A committed activist and president of the All Burma Democratic Lushai Womens' Organisation (ABDLWO) and member of the Women League of Chins (WLC), Puii is herself is a migrant, who fled Myanmar in 1988 during the notorious crackdown by the Burmese army. A former student of Rangoon University, she can only return at the cost of imprisonment. 

Interestingly, the WLC - a part of the global network of Burmese women fighting for democracy - is the perfect example of how tribal differences have been put aside in the interest of a nation. The WLC was formed in 2004 when nine Chin associations, including the ABDLWO, came together to further the cause of human rights in Myanmar at an international level, says Chere Zahau, who is in her mid-20s, and one of the women at the helm of the WLC. Salomi and Zahau are Aizwal-based full-time Burmese activists working for WLC, whose projects are funded by both Indian and foreign philanthropic agencies. 

The League, which also caters to the distress of migrant women in Mizoram, recently released 'Unsafe State', a report, which documents the state-sanctioned sexual violence carried out by Burmese army against Chin women in Myanmar. 

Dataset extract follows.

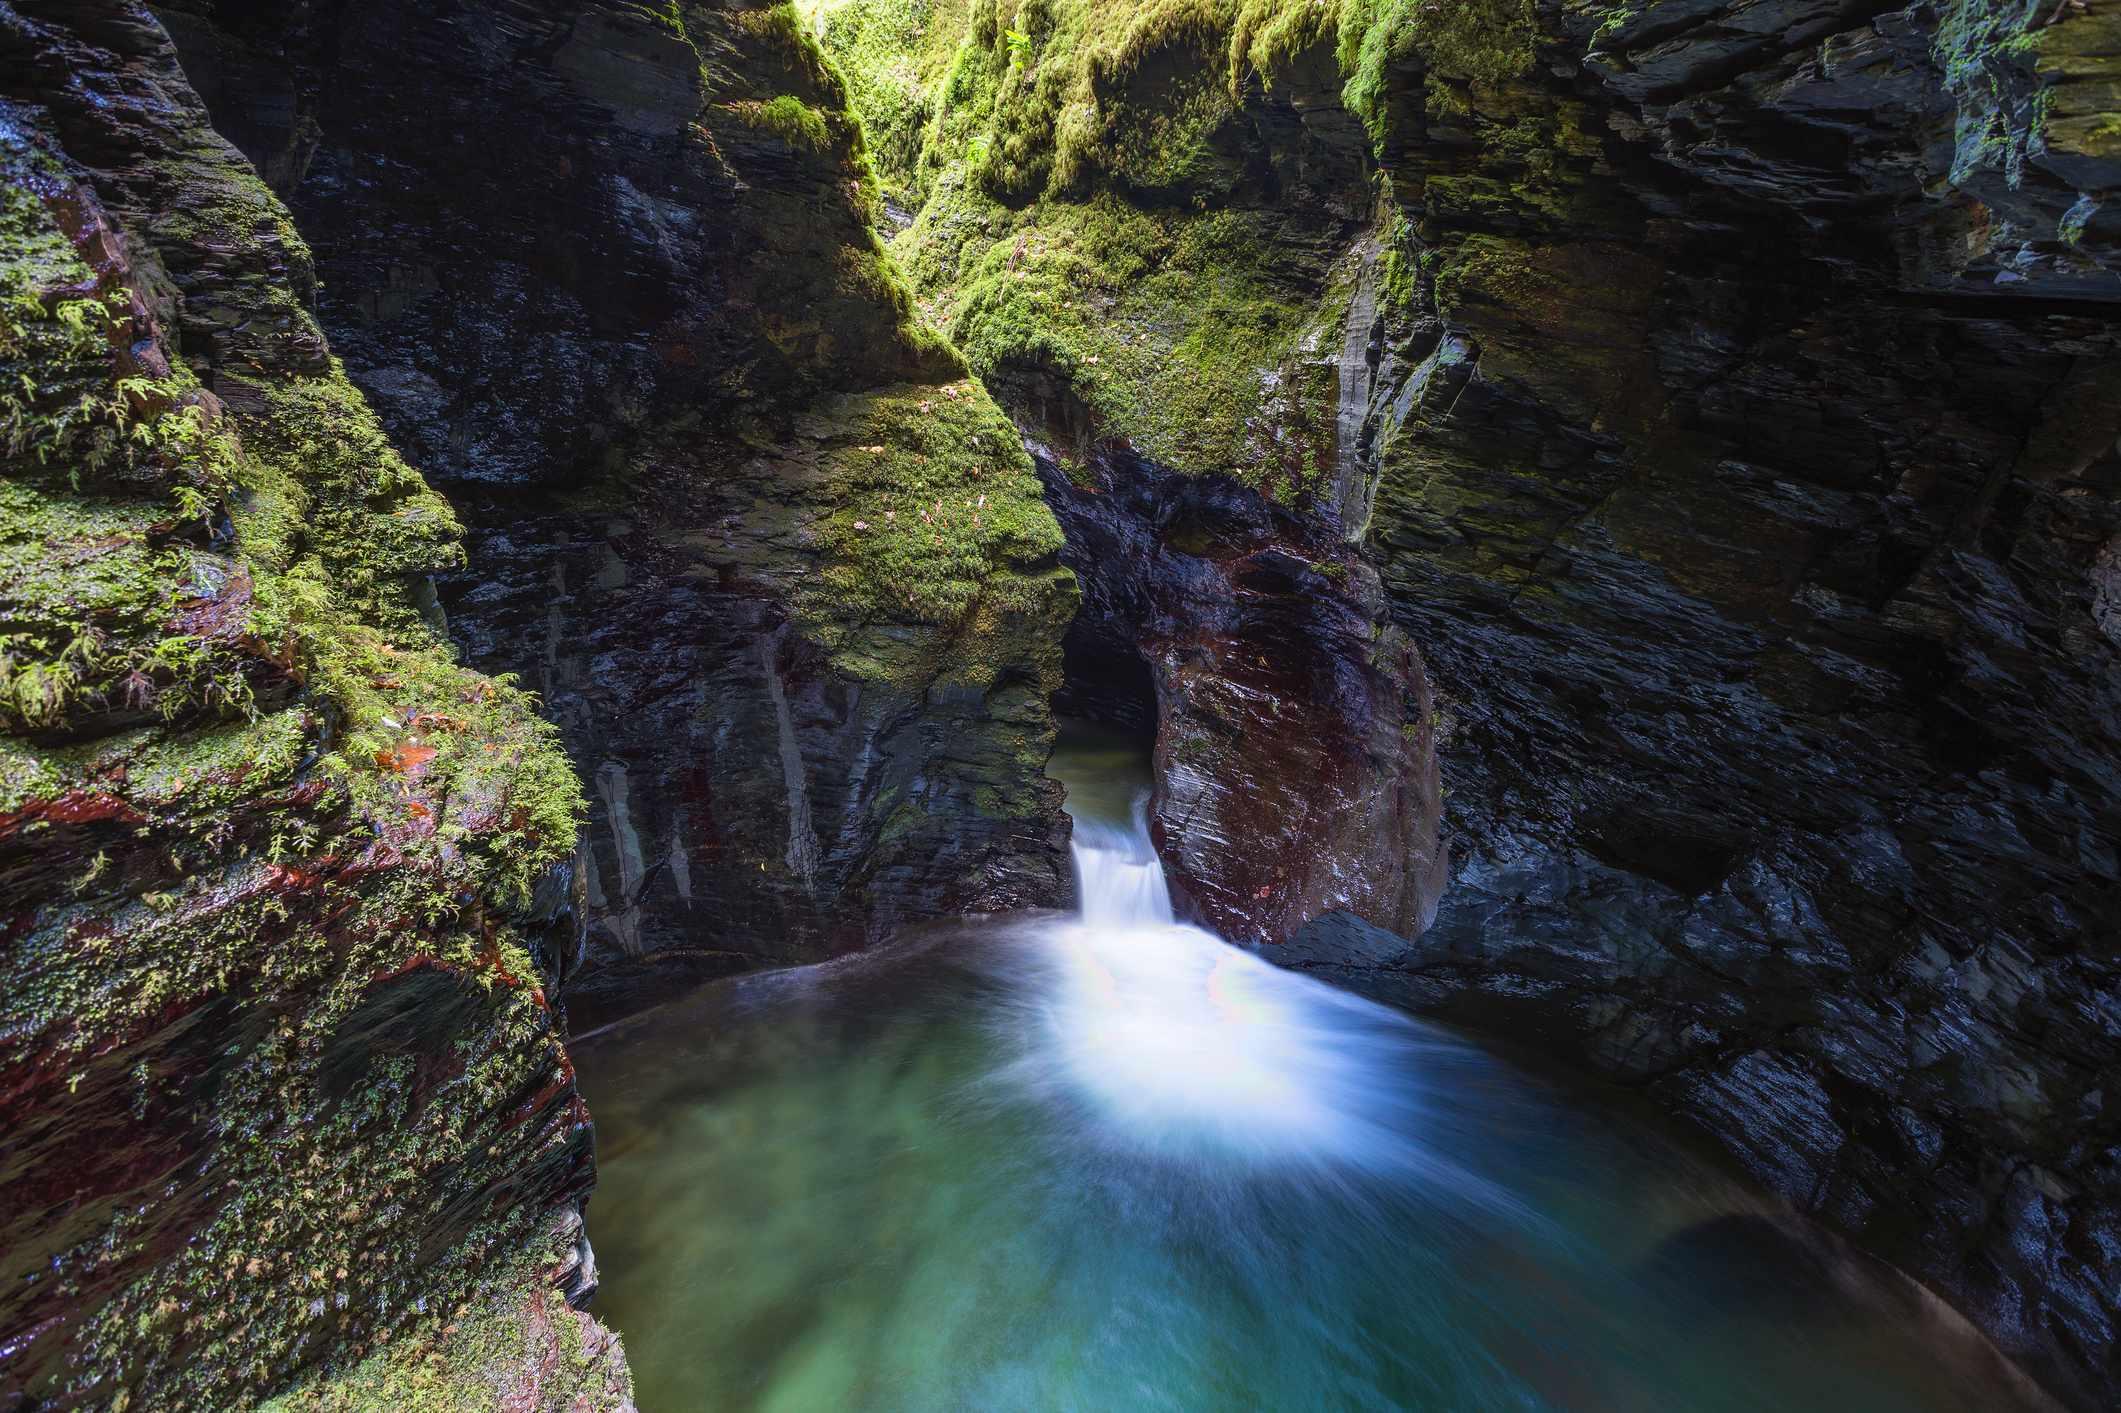 Devils Cauldron in Lydford Gorge, near Tavistock, Devon, UK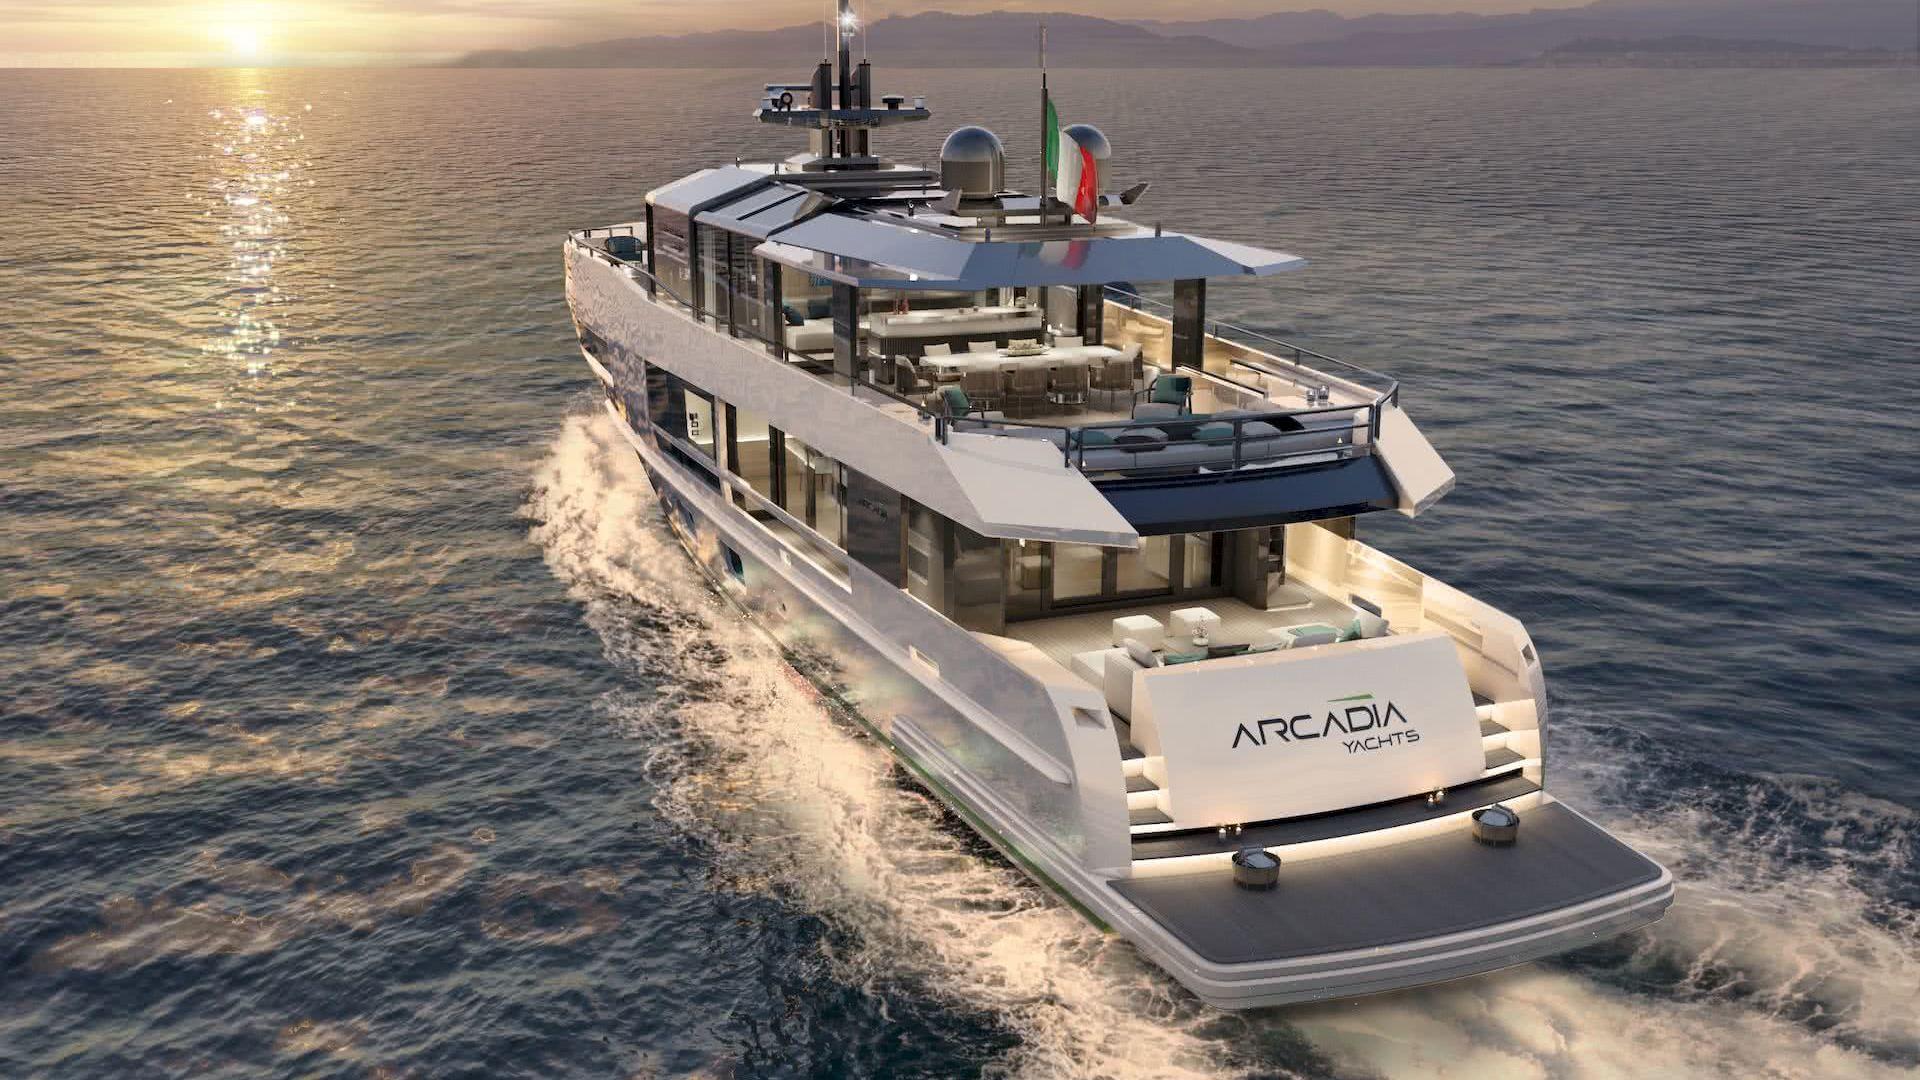 Arcadia 115 Yacht Hot Lab Yacht Design

According to Lian Mang, around 46 years, a Chin activist of Lunglei, this sexual violation is in effect a violence of annihilation. In the Matupi district of Chin Hills, several battalions of young army men have been posted, with the soldiers being promised promotions on marrying young Matu girls. "The aim is to assimilate the Chins and eventually wipe them out," says Mang, who formed the Chin Refugee Committee Lunglei and is currently in New Delhi seeking employment.

Most migrants walk across the border at Tiau River, Champhai, as this is allowed under India's laws and accepted by Myanmar. However, activists such as Lian Mang were hunted by the Burmese army for their support of democracy and eventually had to cross into India-Mizoram through jungle tracts for their own safety.

The Chin women have taken it upon themselves to be agents of change and put the human rights violations in Myanmar on the global stage. They do this despite knowing, as Suii observes, that they are at the end of their tether in the fight for freedom.